At 8:46 PM, Blogger Richard Layman said...

sometime this year I will write a position paper on poverty and dealing with it. I am collecting stuff and finally, better organizing the materials.

Bolsa Familia in Brazil is one of the models, but you need to pair it with work. Doing city projects could be an element.

But make work projects (cf. the "Mayor's Summer Employment Program") that don't do much I don't favor.

2. and yes, as part of it might be a more careful organizing of business entities as job training and employment vehicles. Like the Cardozo thing.

At the start of the recession, preservation consultant Don Rypkema wrote a lot about how the French were using restoration projects as a job maintenance function too.

(I have crossed e-paths with a preservation consultant in the UK named Dennis Rodwell who does a lot of work with the UNESCO world heritage program and I expect I will learn a lot from his writings, although this is a bit more relevant to the other stuff I write about.)

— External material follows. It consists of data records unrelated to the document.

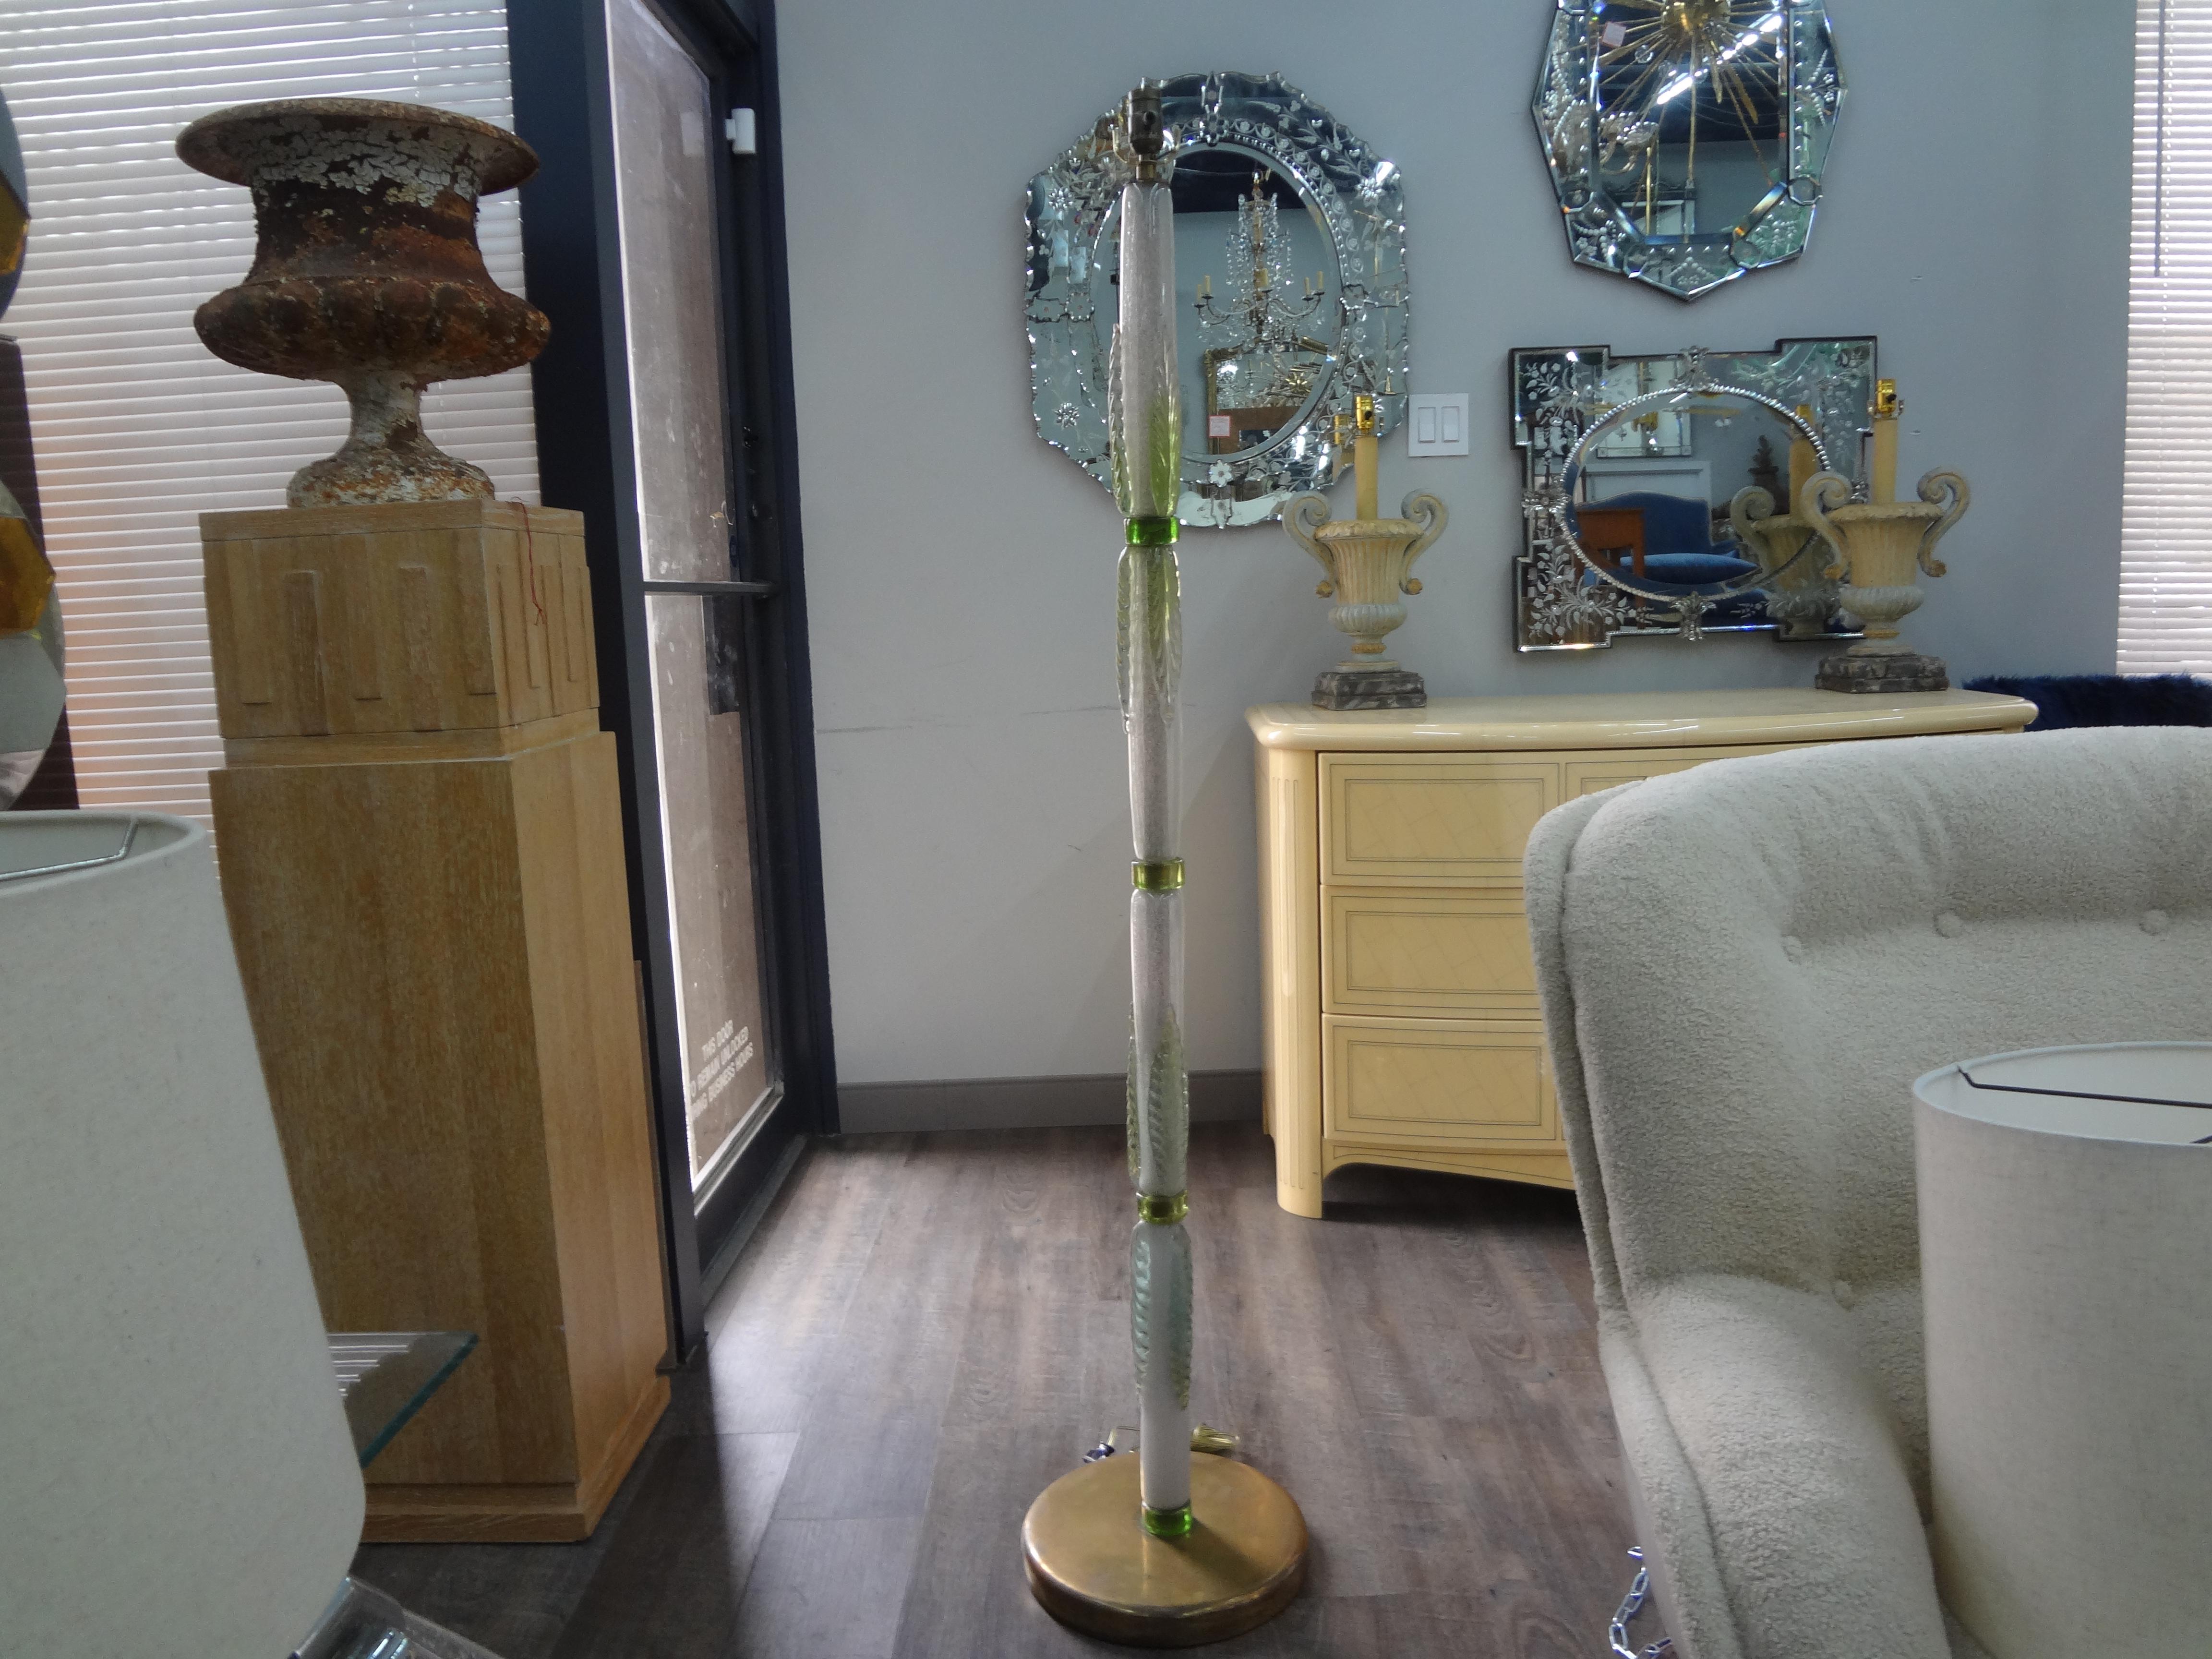 Lampadaire en verre Murano du milieu du siècle.
Joli lampadaire moderne du milieu du siècle dernier en verre de Murano soufflé à la main dans des tons verts et blancs, monté sur une base en laiton. Ce lampadaire inhabituel a été nouvellement câblé
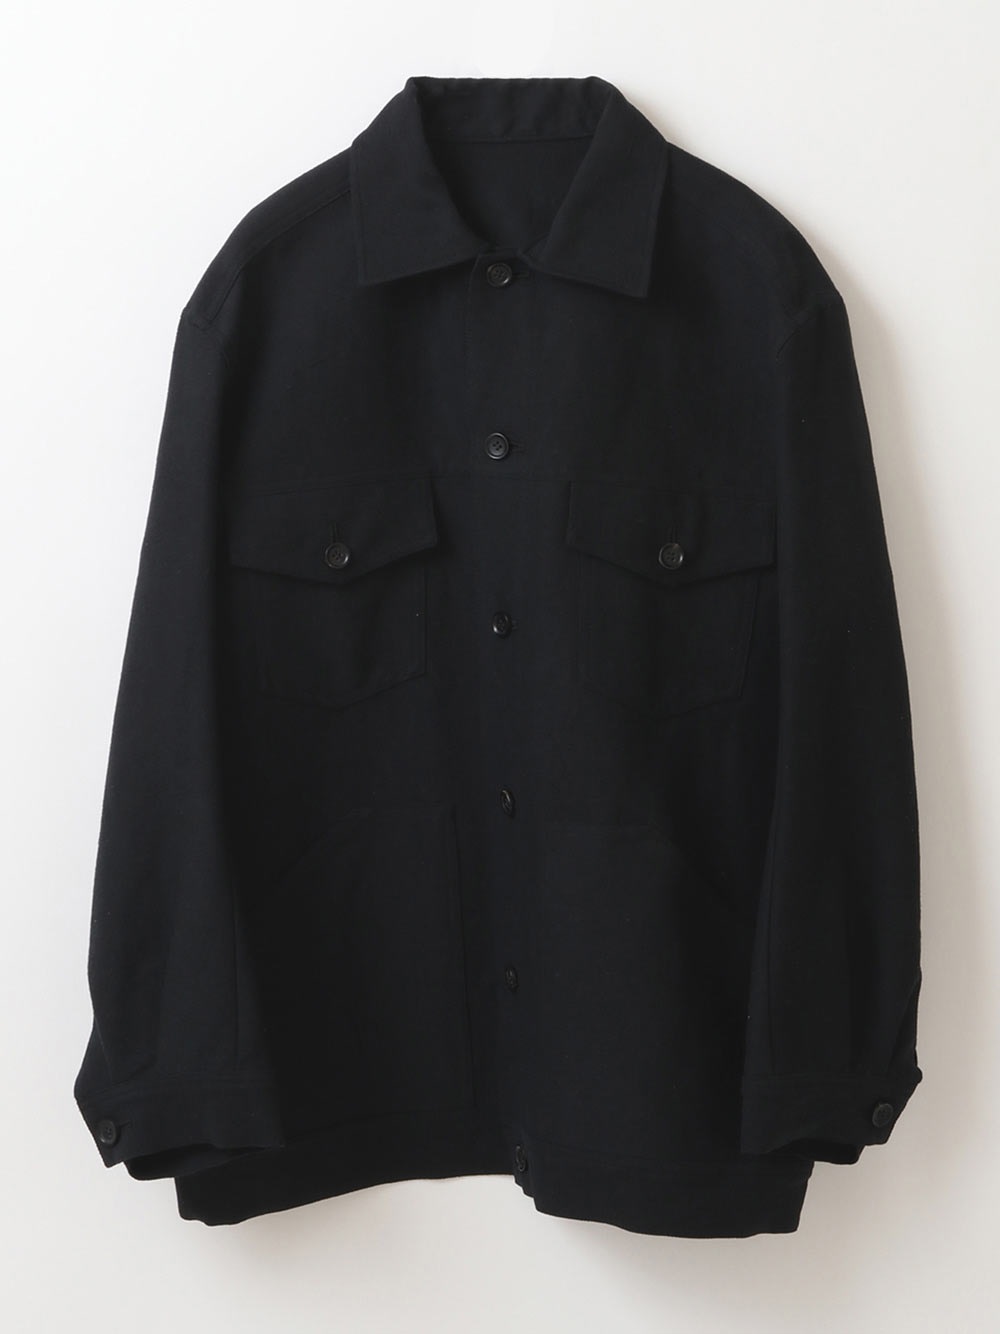 Work Jacket(00ブラック-フリー)
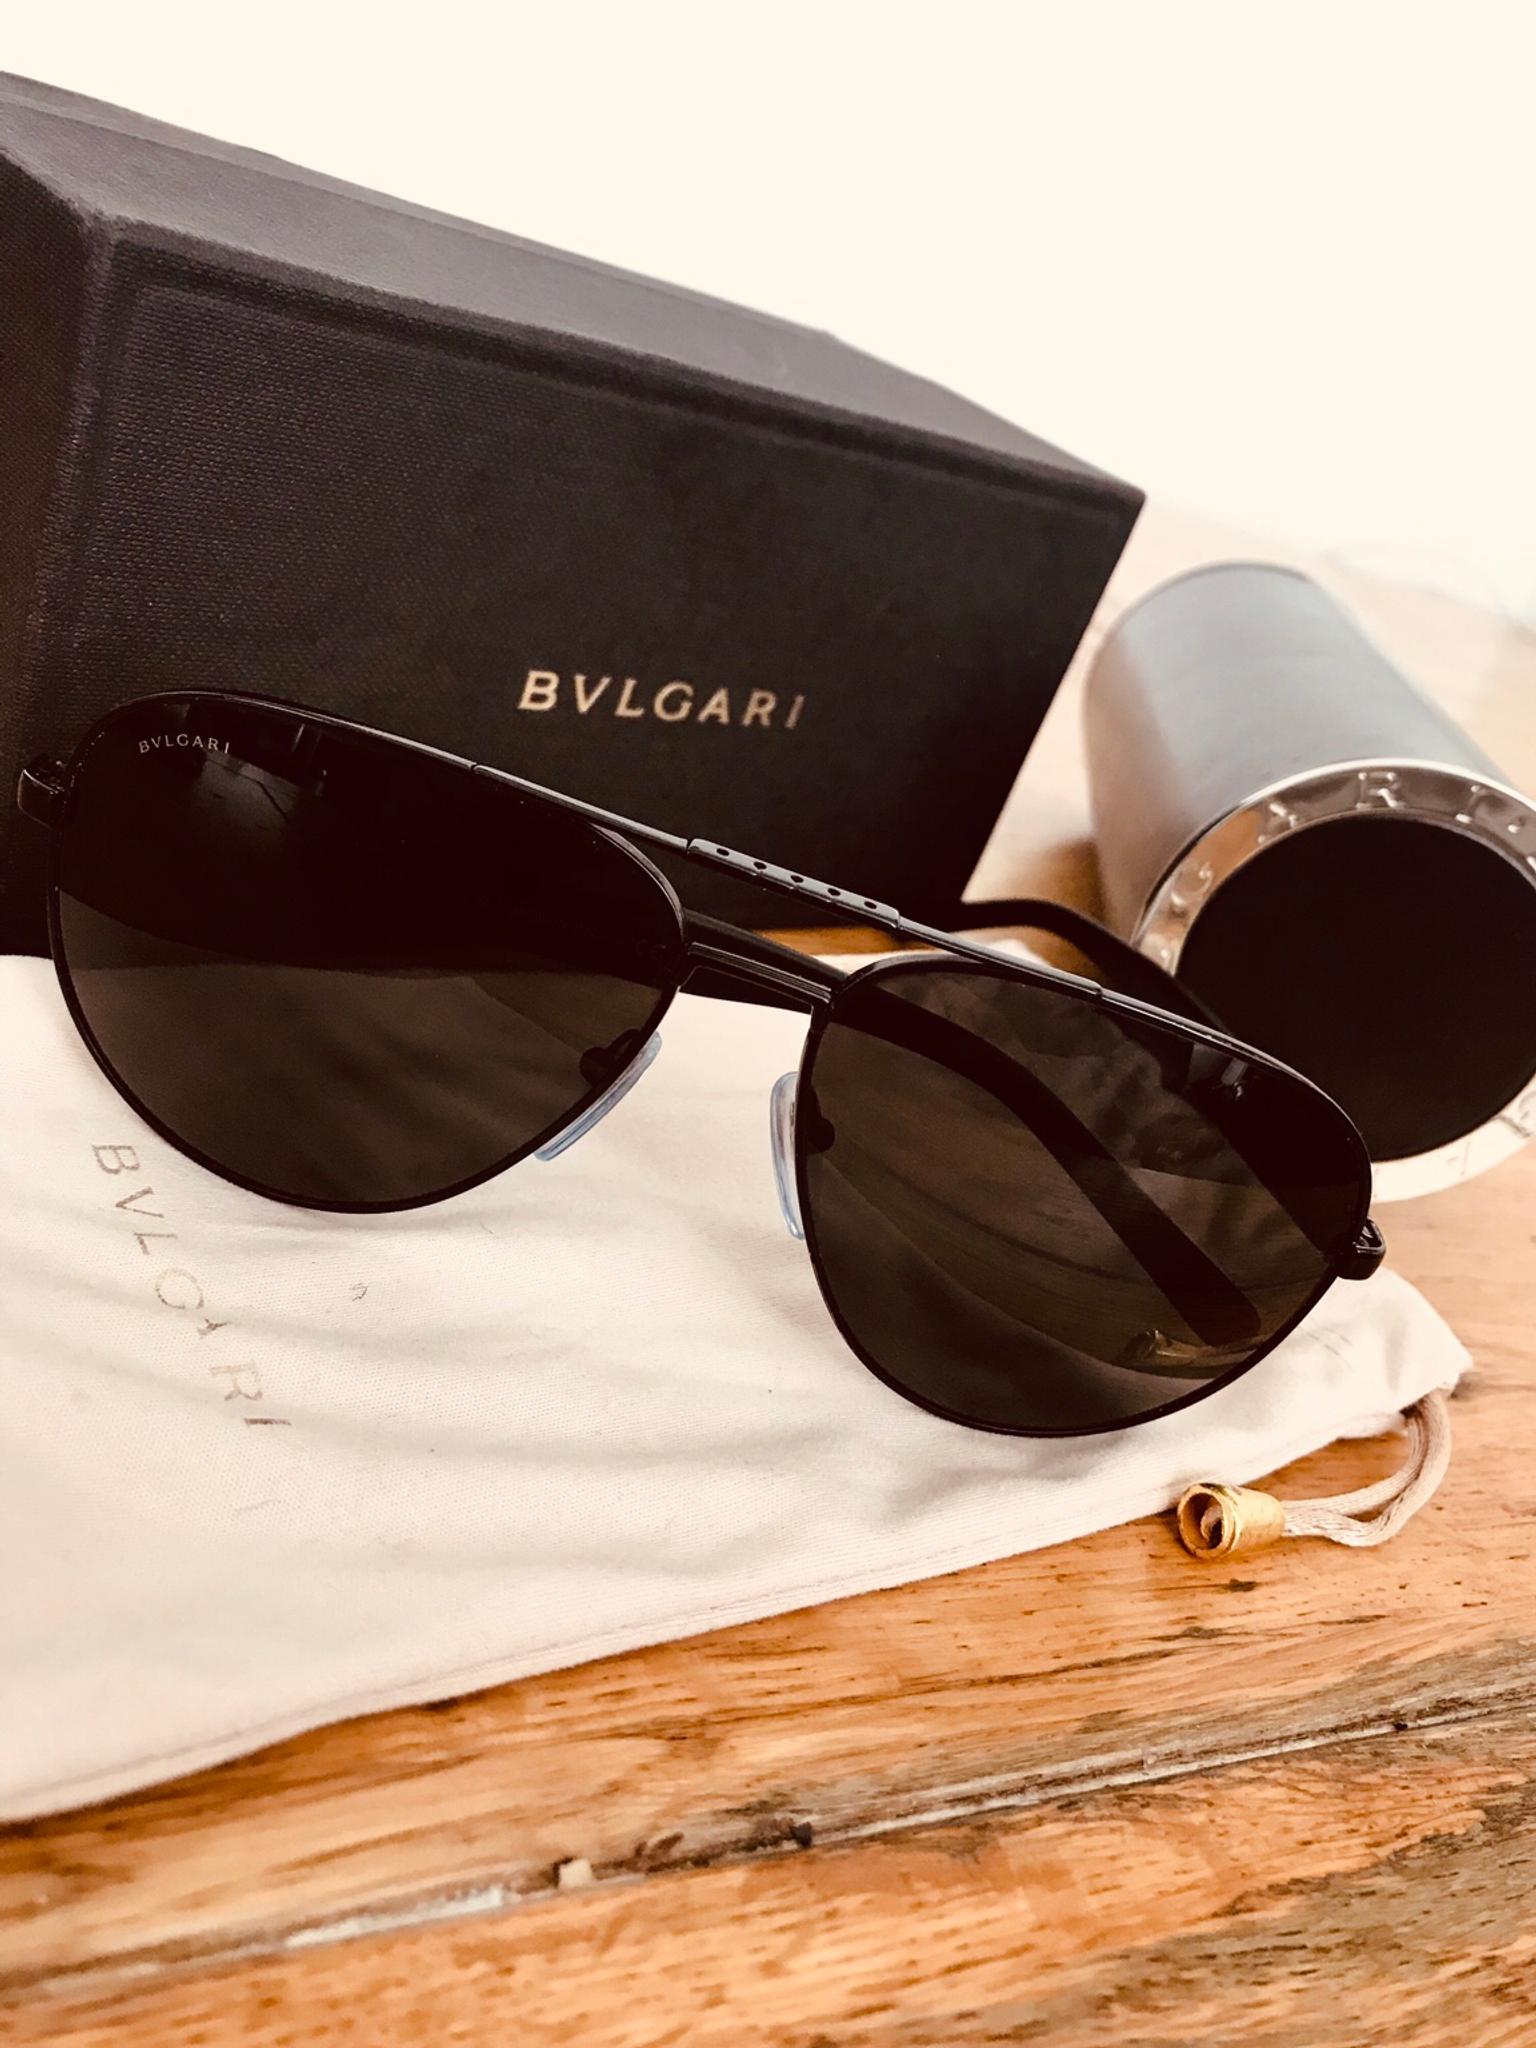 bvlgari sunglasses brand

3. Cleveland. I haven't been there for a long time, but I am skeptical about the ED claims about the HealthLine. I figure a lot of the stuff that's "happening" in U Circle would happen without the BRT, just on the fact that those types of institutions tend to expand inexorably.

... I did see a presentation about Euclid St. and transit in 2002 at a conf. in Cleveland and yes, Downtown Cleveland had been emptied out long before.

As far as the desolation goes, the problem of course with Greater Cleveland is that it has been pretty static population and job-wise for the last 40+ years, + sprawl.

Sprawl + population maintenance or shrinkage = desolation in the city proper.

That's Detroit's problem. Seeing images of Detroit, it's f*ing unbelievable with the wealth in this country that it's deemed that such a downfall is allowable.

4. Mondragon. Yep. Saw something in the FT or somewhere. Note that one of the people who commented on my Bilbao pieces is a PhD (Igor Calzada) who wrote his dissertation on Bilbao I think (I keep forgetting to look it up), but had worked many years for Mondragon. We had a bit of interaction and he's up for collaboration. We'll see what develops.

 
At 1:38 PM, Anonymous Anonymous said...

R-
Have undoubtedly said this before but will say it again, DC (and probably every other place in the world today) confuses "economic development" with what is simply "economic activity"--positive, negative and otherwise.

More and more, I am convinced that most folks (with a few exceptions) are well-meaning in their attempts to foster "solutions" to seeming long-standing economic "problems" through government policy and intervention. However, I would say that these efforts are doomed to failure--with some liable to cause very surprising unintended consequences.
One of my "gurus" over the last three decades is Hazel Henderson, who is an ecologist and economist with a bent toward systems thinking. Henderson--quite aptly in my IMHO--equates economics with politics and has demonstrated throughout her career how economics is not a hard "science" but an "art" and needs to be recognized as such.